Knowledge-Based Systems ( IF 7.2 ) Pub Date : 2020-05-29 , DOI: 10.1016/j.knosys.2020.106073 Xue-Mei Dong , Yin-He Gu , Jian Shi , Kun Xiang
The effective embedding estimation of distribution and the construction of regression model with strong representation ability are two key problems of distribution regression. This paper proposes a random multi-scale kernel-based Bayesian distribution regression (RMK-BDR) learning framework. Vector-valued kernel mean embedding (KME) estimators with a same dimension which is chosen adaptively to the data are introduced in the first stage of distribution regression learning. Then, a linear combination of multi-scale Gaussian kernels with different scale parameters randomly sampled from a predefined distribution is used as the regression model. Sparsity priors are added on those linear combination weights. Under the Bayesian inference theory, a prediction distribution of the response variable is obtained.
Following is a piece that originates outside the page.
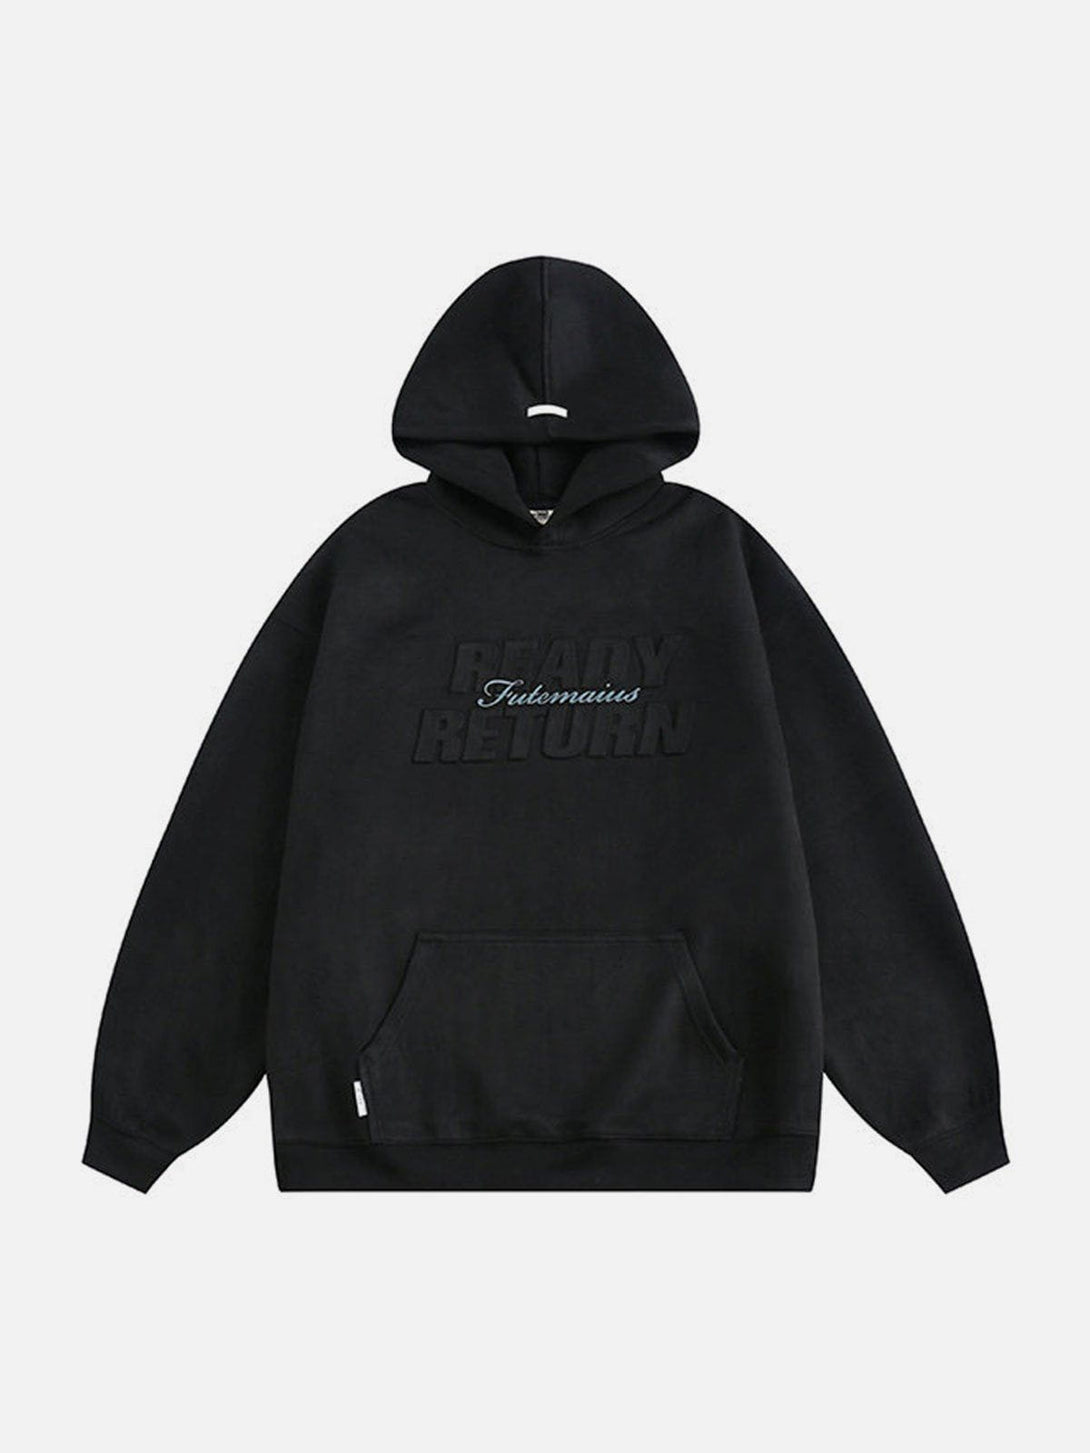 Levefly - Letter Print Solid Hoodie - Streetwear Fashion - levefly.com

A series of experiment results verify the effectiveness of the proposed algorithm.
中文翻译:
基于随机多尺度核的贝叶斯分布回归学习
有效的分布嵌入估计和具有较强表示能力的回归模型的构建是分布回归的两个关键问题。本文提出了一种基于核的随机多尺度贝叶斯分布回归(RMK-BDR)学习框架。在分布回归学习的第一阶段中,引入了针对数据自适应选择的具有相同维的向量值核均值嵌入(KME)估计器。然后,将多尺度高斯核与从预定义分布中随机采样的不同尺度参数的线性组合用作回归模型。在这些线性组合权重上添加稀疏先验。在贝叶斯推理理论下,获得了响应变量的预测分布。